Team : APR
Arrival date : 11/01/2022
- Sorbonne Université - LIP6
Boîte courrier 169
Couloir 25-26, Étage 3, Bureau 303
4 place Jussieu
75252 PARIS CEDEX 05
Tel: +33 1 44 27 88 16, Marco.Milanese (at) nulllip6.fr
Supervision : Antoine MINÉ
Under-Approximated Program Analysis and Counter-Example Generation by Abstract Interpretation
The goal of the PhD is to design, prove correct, implement, and experiment on static program analyses to discover executions that are formally guaranteed to be erroneous and, dually, infer sufficient conditions for program correctness.

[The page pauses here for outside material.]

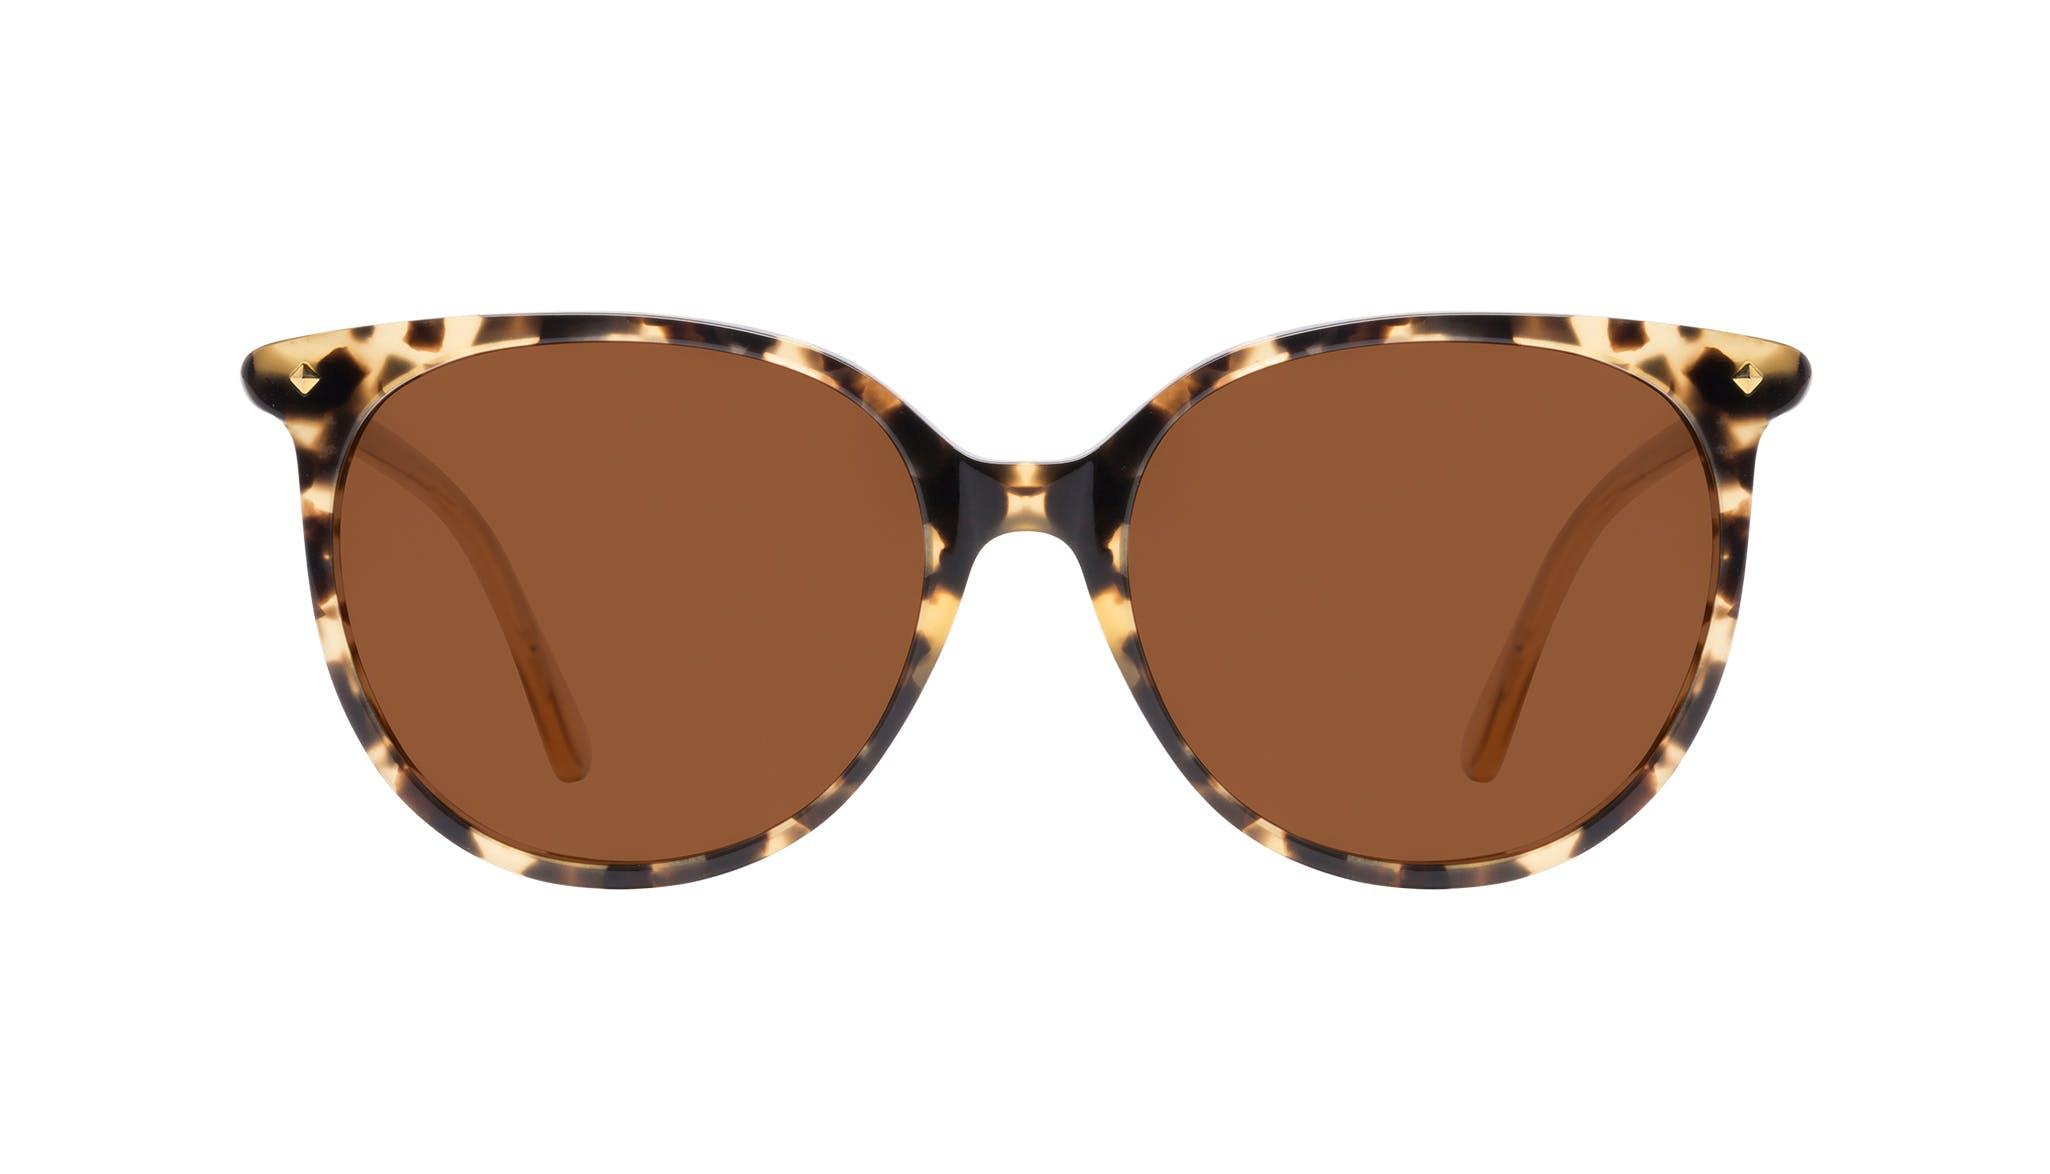 Affordable Fashion Glasses Round Sunglasses Women Area Petite Bingal Front

The PhD will rely on the theory of abstract interpretation and develop novel abstractions for under-approximations of program states. The theory and implementation of abstract interpretation is mostly concerned with over-approximating the reachable state set. In case of an alarm, we cannot be certain whether the program is indeed incorrect, or the error is only reported due to over-approximations (so-called false alarm). Backward analyses have been proposed to infer necessary preconditions for the alarms to occur, but they still compute over-approximations and cannot prove the presence of an alarm, leaving the possibility of an inconclusive analysis. The PhD will develop new, effective, theoretically and experimentally-proven under-approximating backward analysis methods based on abstract interpretation to automatically find sufficient conditions in order for certain program behaviors to occur. The implementation and experimentation will be performed within the MOPSA static analysis platform developed in the APR team at LIP6, Sorbonne Université.